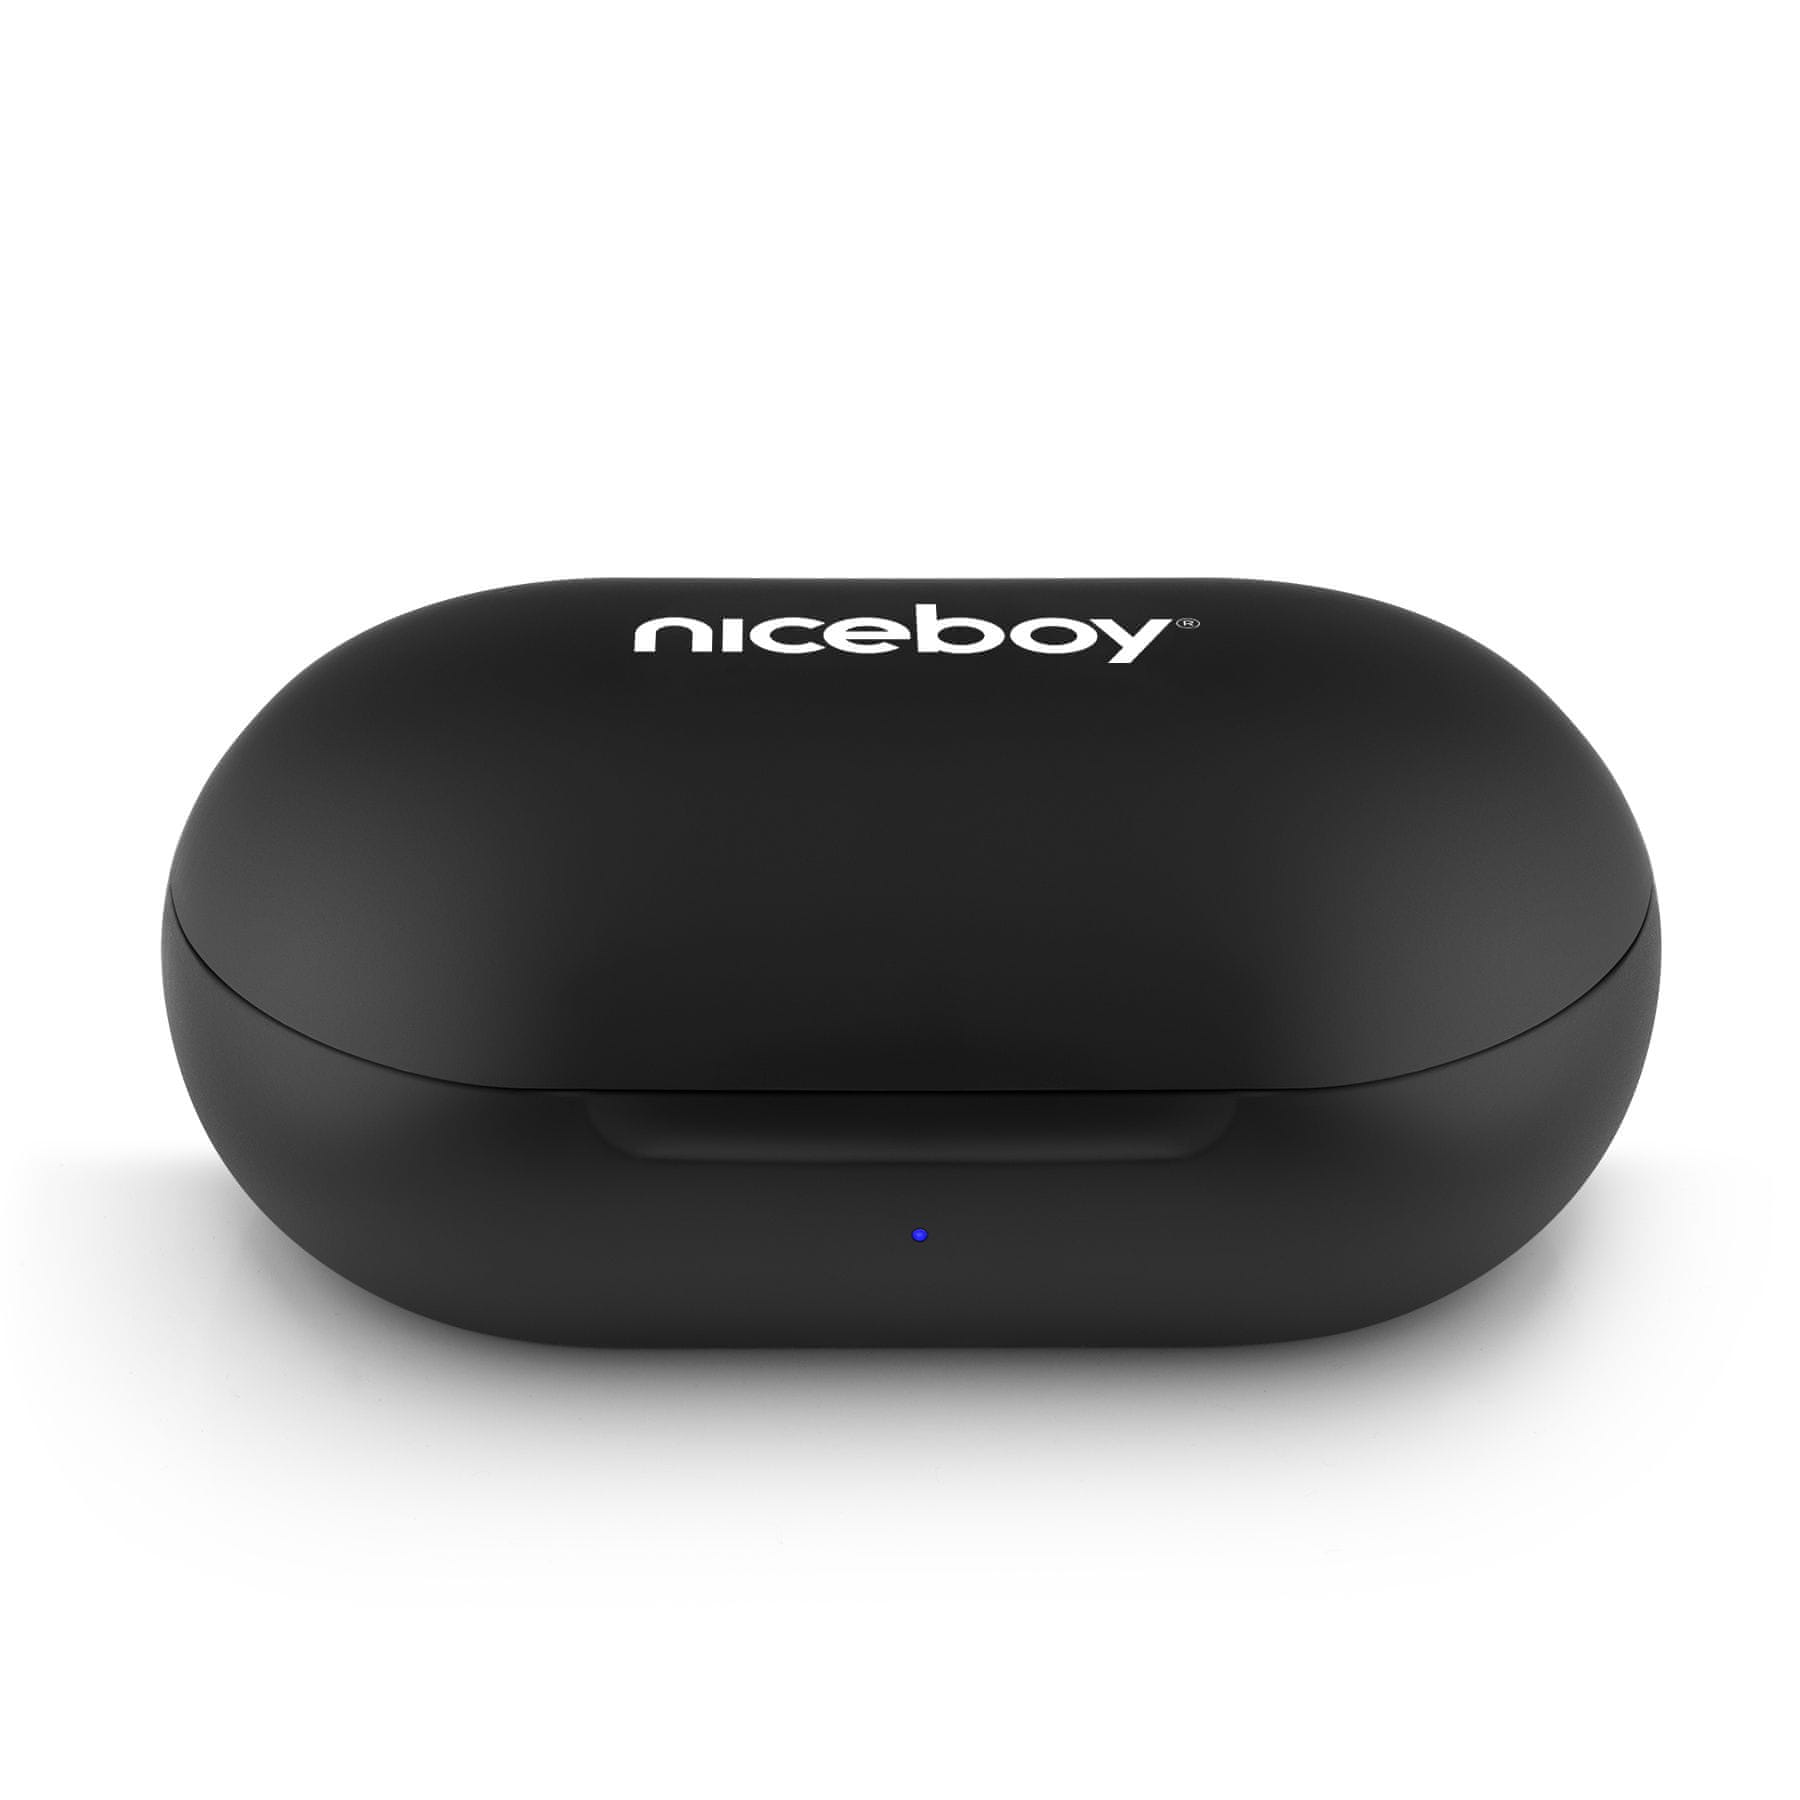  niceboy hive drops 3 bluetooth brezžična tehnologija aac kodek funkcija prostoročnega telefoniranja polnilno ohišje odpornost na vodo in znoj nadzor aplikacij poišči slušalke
---
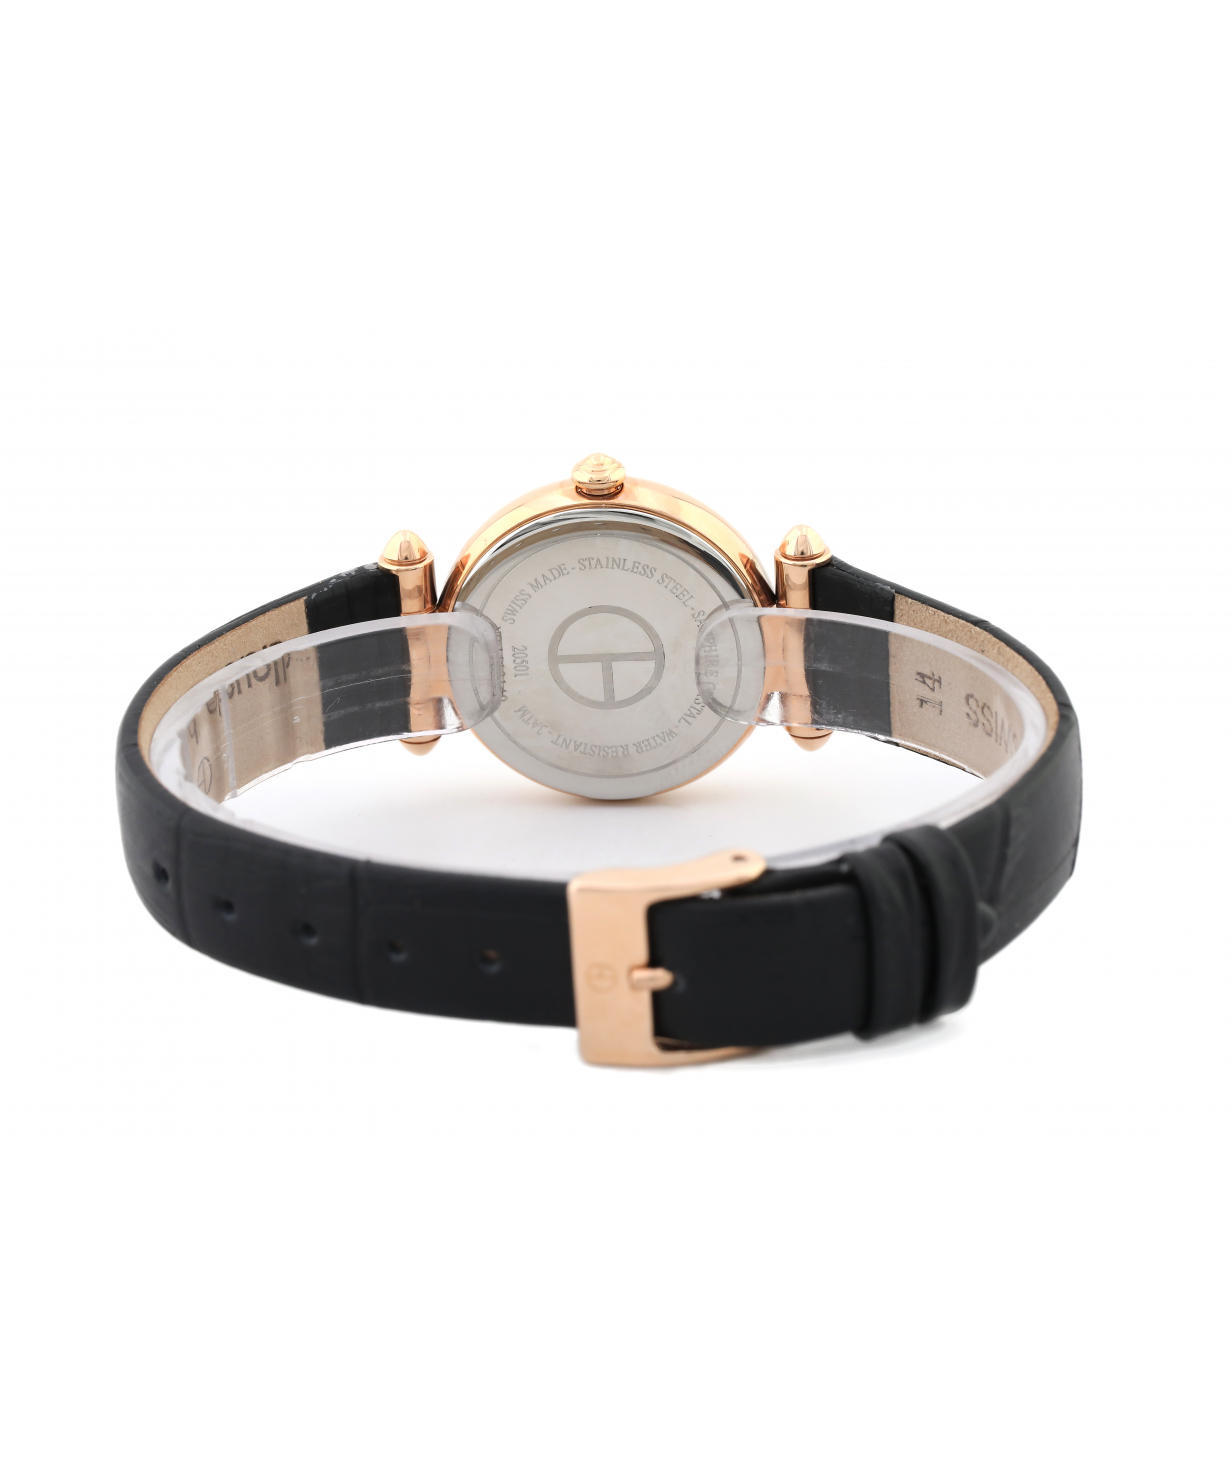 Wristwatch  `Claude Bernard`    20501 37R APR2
==
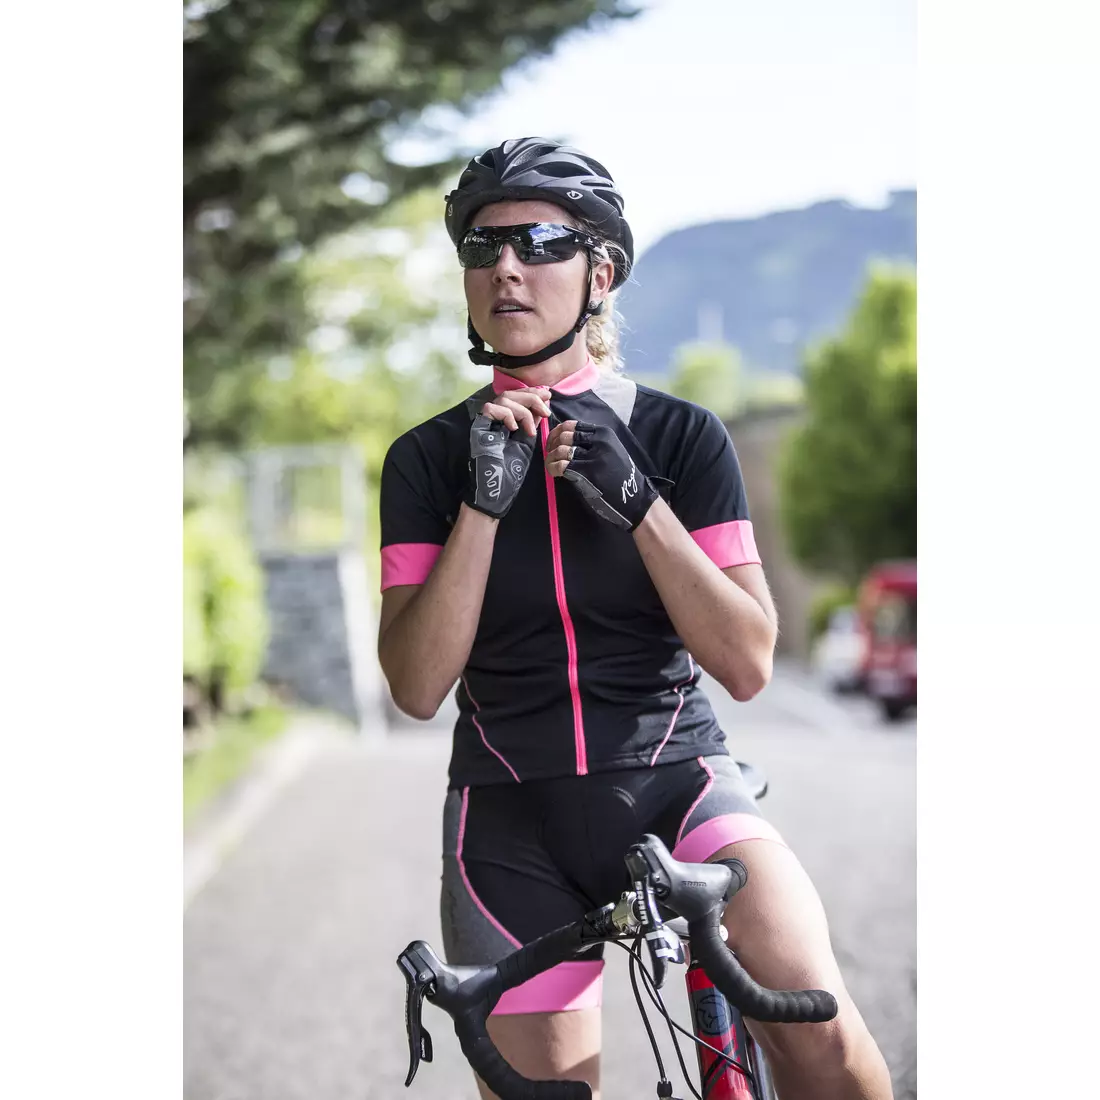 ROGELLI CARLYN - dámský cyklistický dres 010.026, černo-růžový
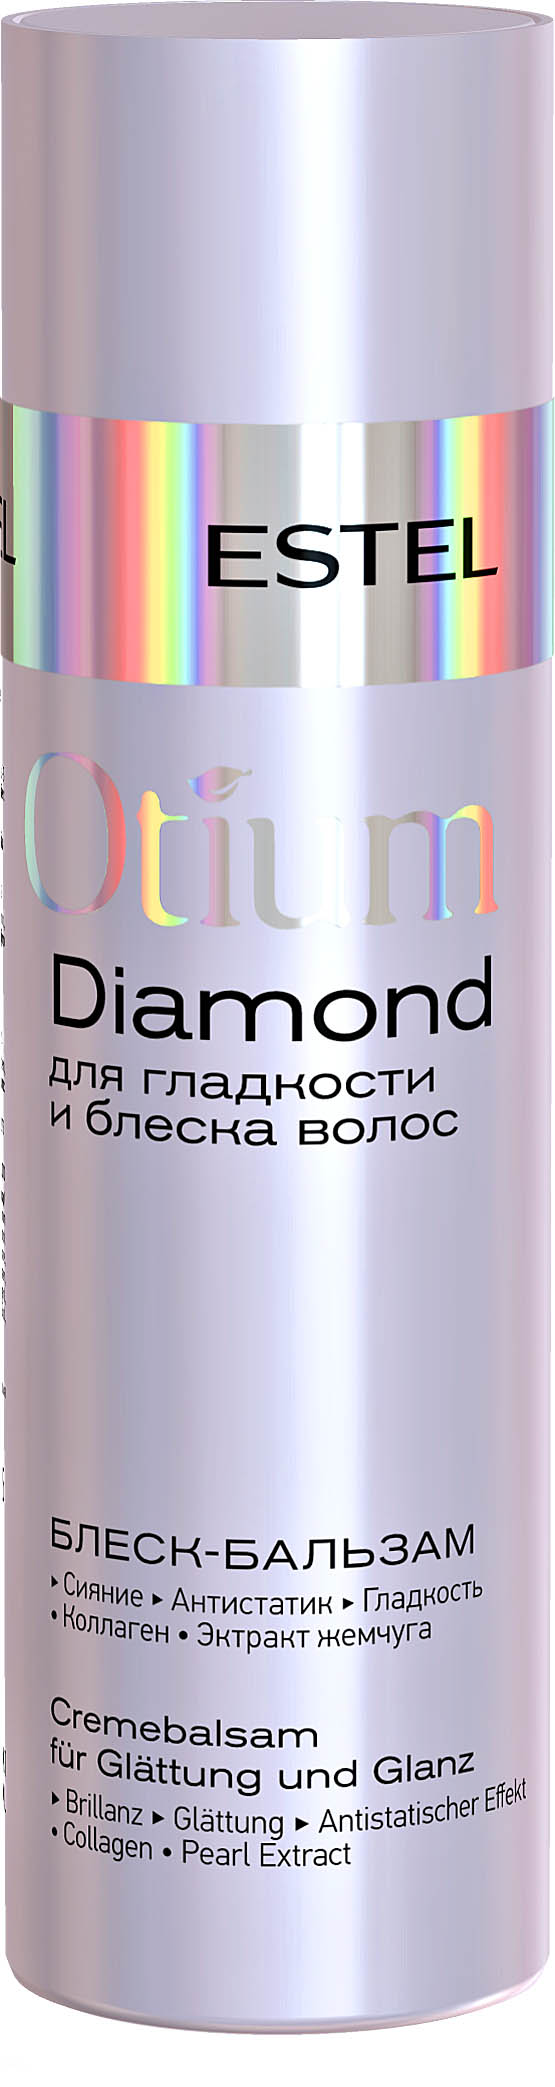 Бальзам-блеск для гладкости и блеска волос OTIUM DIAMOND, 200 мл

* _WORK REQUIRED_:
Look above for the line containing "ROGELLI CARLYN - dámský", then write out every line from there down to the line containing "Бальзам-блеск для гладкости", that line included, with no pictures.

* _RESPONSE_:
 ROGELLI CARLYN - dámský cyklistický dres 010.026, černo-růžový
 Бальзам-блеск для гладкости и блеска волос OTIUM DIAMOND, 200 мл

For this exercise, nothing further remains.